Yes. Is there a reason to keep writing "\(\displaystyle \dfrac{x^2}{4x}\)" rather than just \(\displaystyle \dfrac{x}{4}\)?
 
If 10,800 cm2 of material is available to make a box with a square base and an open top, find the largest possible volume of the box.

(first use surface area equation \(\displaystyle x^{2} + 4xy = \)Surface area, then use Volume equation \(\displaystyle l * w * h\) or \(\displaystyle x^{2}y\) and then back to surface area equation after doing the derivative on the volume equation)
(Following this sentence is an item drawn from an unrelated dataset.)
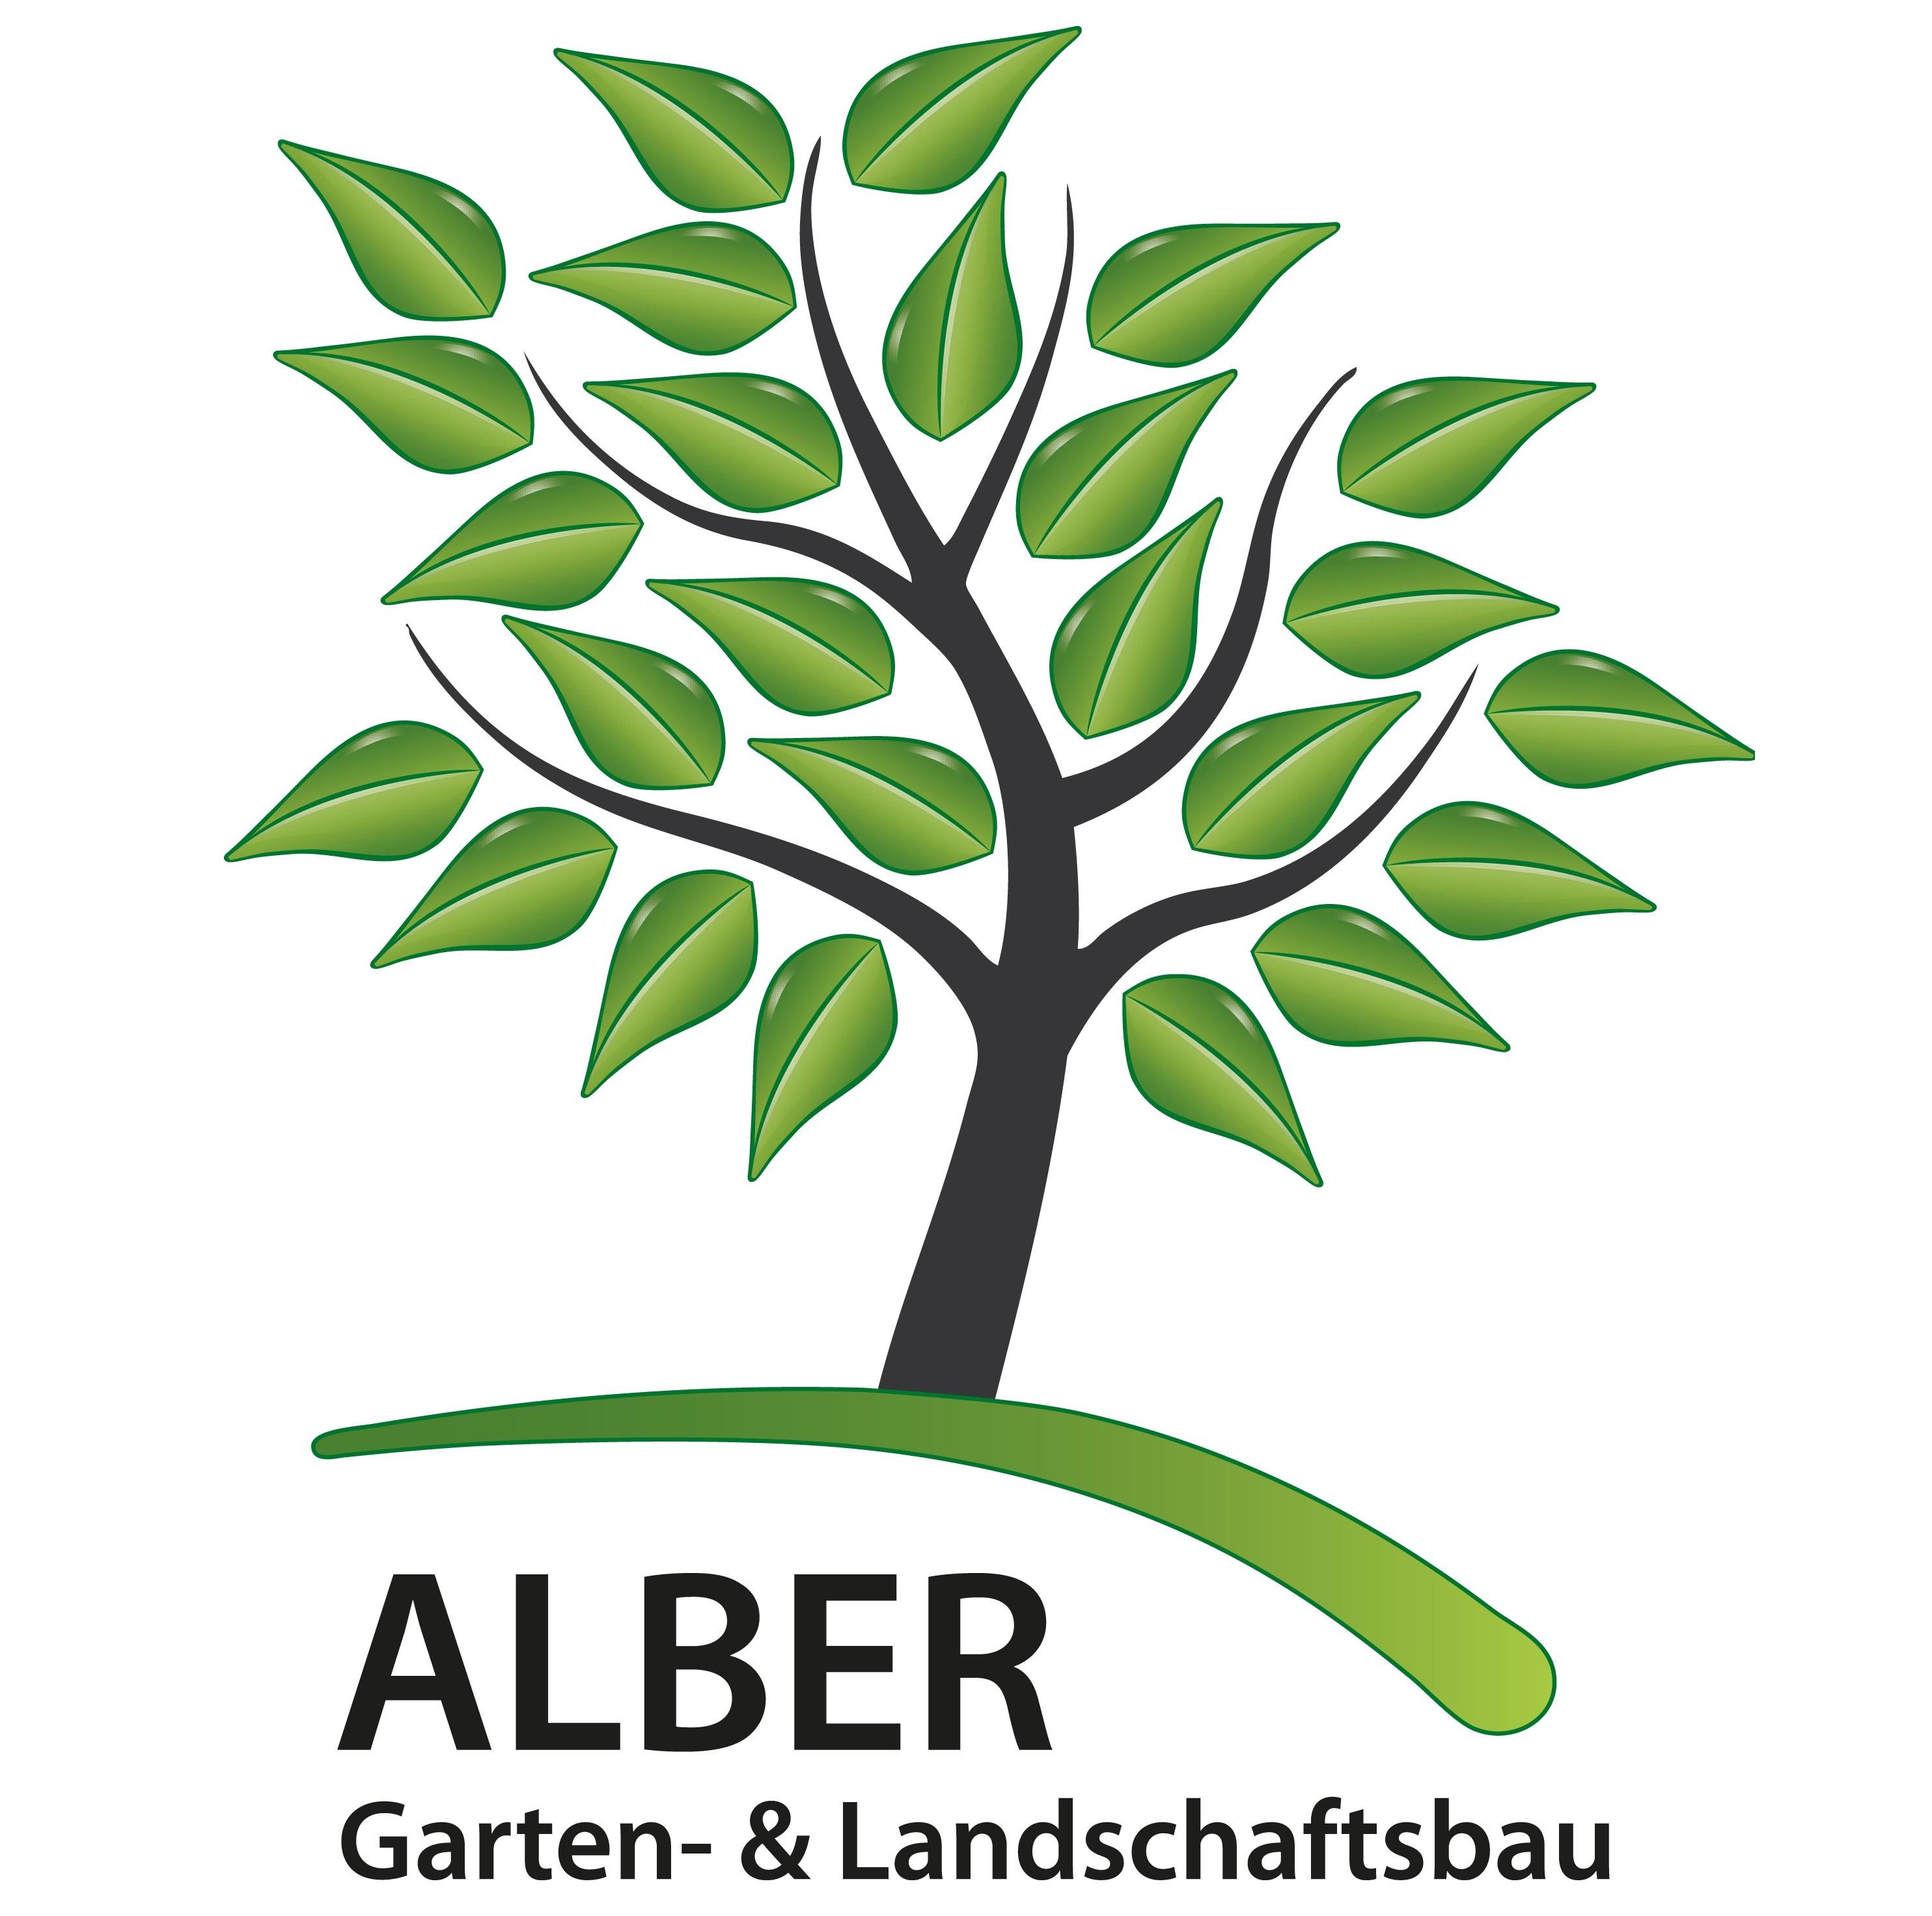 Alber garten landschaftsbau nagold kontaktieren for Garten landschaftsbau

\(\displaystyle x^{2} + 4xy = \)Surface area

\(\displaystyle x^{2} + 4xy = 10,800\)

\(\displaystyle \dfrac{x^{2}}{4x} + \dfrac{4xy}{4x} = \dfrac{10,800}{4x}\)

\(\displaystyle \dfrac{x^{2}}{4x} + y = \dfrac{10,800}{4x}\)

\(\displaystyle y = \dfrac{10,800}{4x} - \dfrac{x^{2}}{4x} \)

\(\displaystyle y = \dfrac{10,800 - x^{2}}{4x}\) - continuing on...
\(\displaystyle x^{2}(\dfrac{10,800 - x^{2}}{4x})\)

\(\displaystyle V = x^{2}y\)

\(\displaystyle V = \dfrac{10,800x^{2} - x^{4}}{4x}\)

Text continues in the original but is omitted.